Frances Corner, the warden of report sponsor Goldsmiths, University of London – one of the universities that has suffered from financial difficulties in recent years – said “more, not fewer, graduates” were needed in the era of technology, but “structural reform of our sector is essential”.
The report says that English higher education institutions historically worked together in interdependent networks or group structures or within local government, but “this interdependence has been eroded by the drive for competition”.
“While competition may advance individual choice, ‘unregulated market forces in education tend to fragment the common educational infrastructure – and values – on which everyone depends’. Our atomised educational infrastructure requires stronger, more active leadership and governance, and more dynamic use of our organisational, financial, staffing and academic autonomy,” it adds.

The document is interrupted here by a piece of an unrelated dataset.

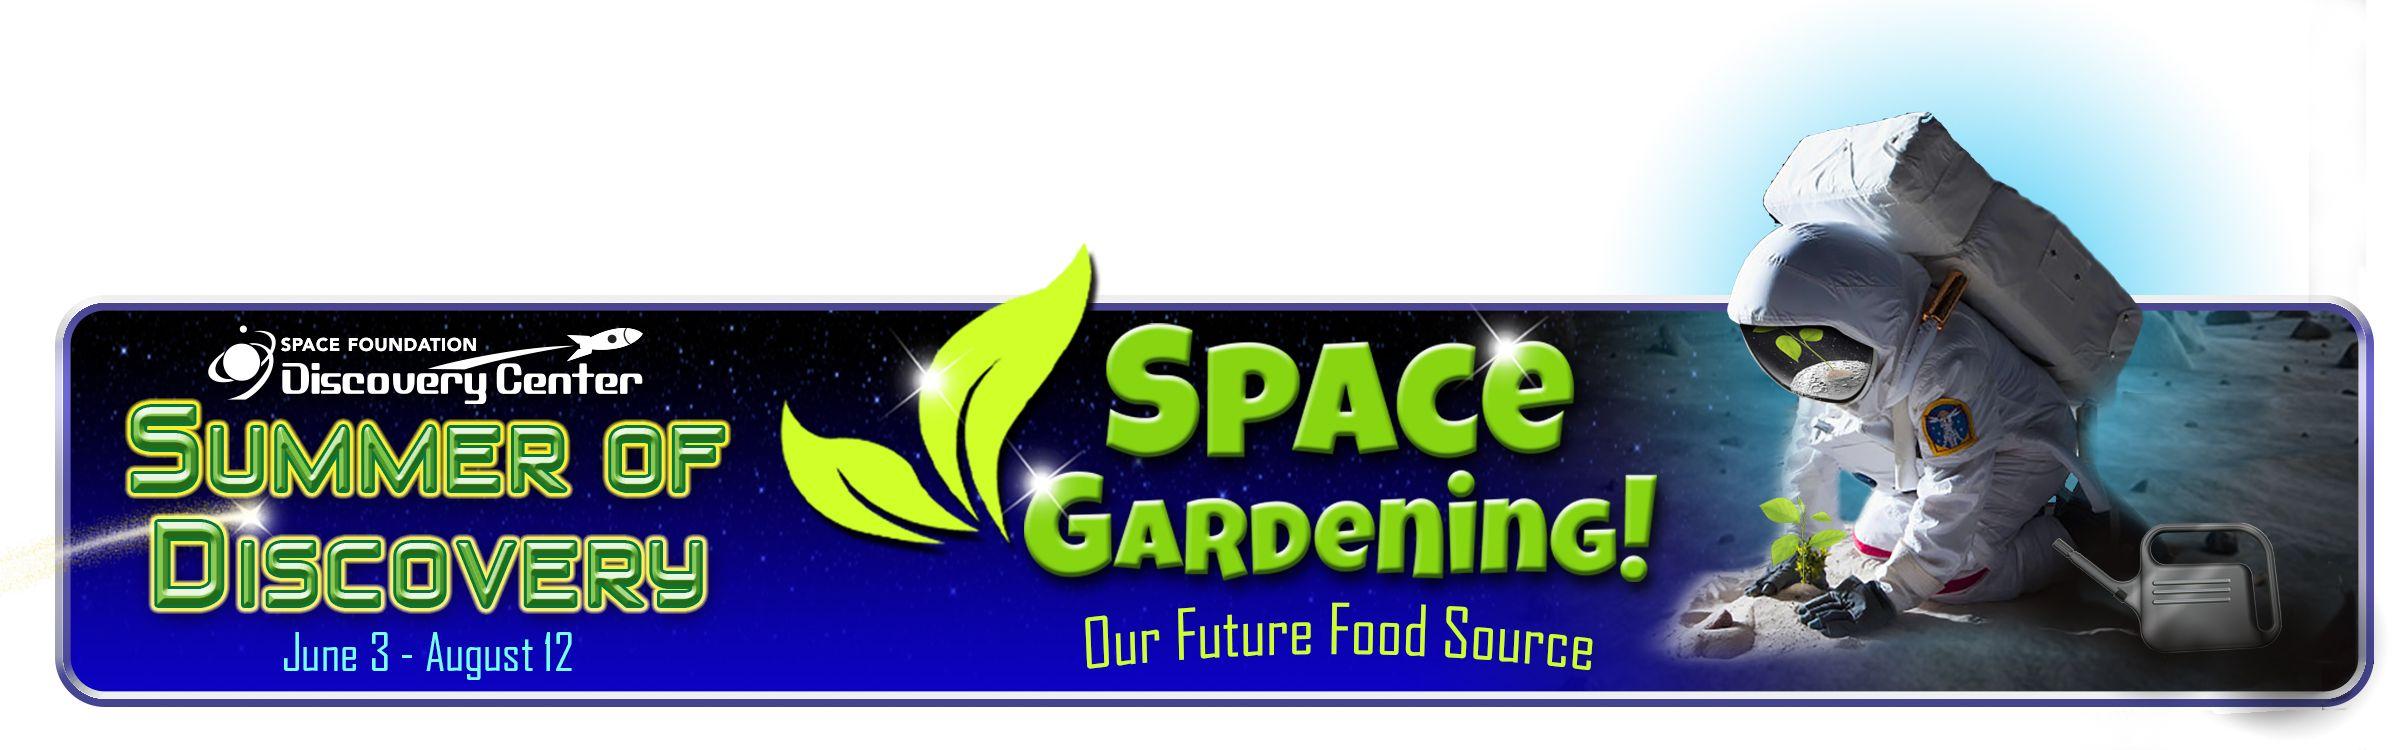 Space Foundation Logo - News. Space Foundation Discovery Center

The fight to be recognised as “world class” has created regional and course disparities in which “some institutions become too big and, frankly, too rich to fail, while the rest face fundamental challenges to their business models and liquidity”.
“Along the way, we have abandoned modes of education that are common to professional formation and lifelong learning, such as shorter, less immersive and non-credentialed education,” which is a loss for both the wider education sector and students, it finds.
Mr Venning told Times Higher Education that “we’ve lost sight of the public good argument in higher education”, which had resulted in a narrowing of the diversity of the sector and what it?was there to achieve.
“Higher education is broadly a public good. There’s no real way to make it in this system pay for itself. I think the pretence that it can pay for itself is a bit of political misdirection,” he said.
“When you put this idea of competition into the sector, you’re preventing some ways of working together beneficially.”
Other recommendations included in the report are that Universities UK and other sector bodies should collaborate to establish a sector-wide leadership body for higher education; that the Office for Students’ remit is amended to include accountability for the overall health of providers and the sector; and the use of mergers and acquisitions in higher education are reviewed.
“This is a growth argument,” Mr Venning added. “Do we get to growth by cutting back on higher education? Absolutely not. Why would we believe that? Every single indicator we have would suggest that that’s the worst thing we could do.”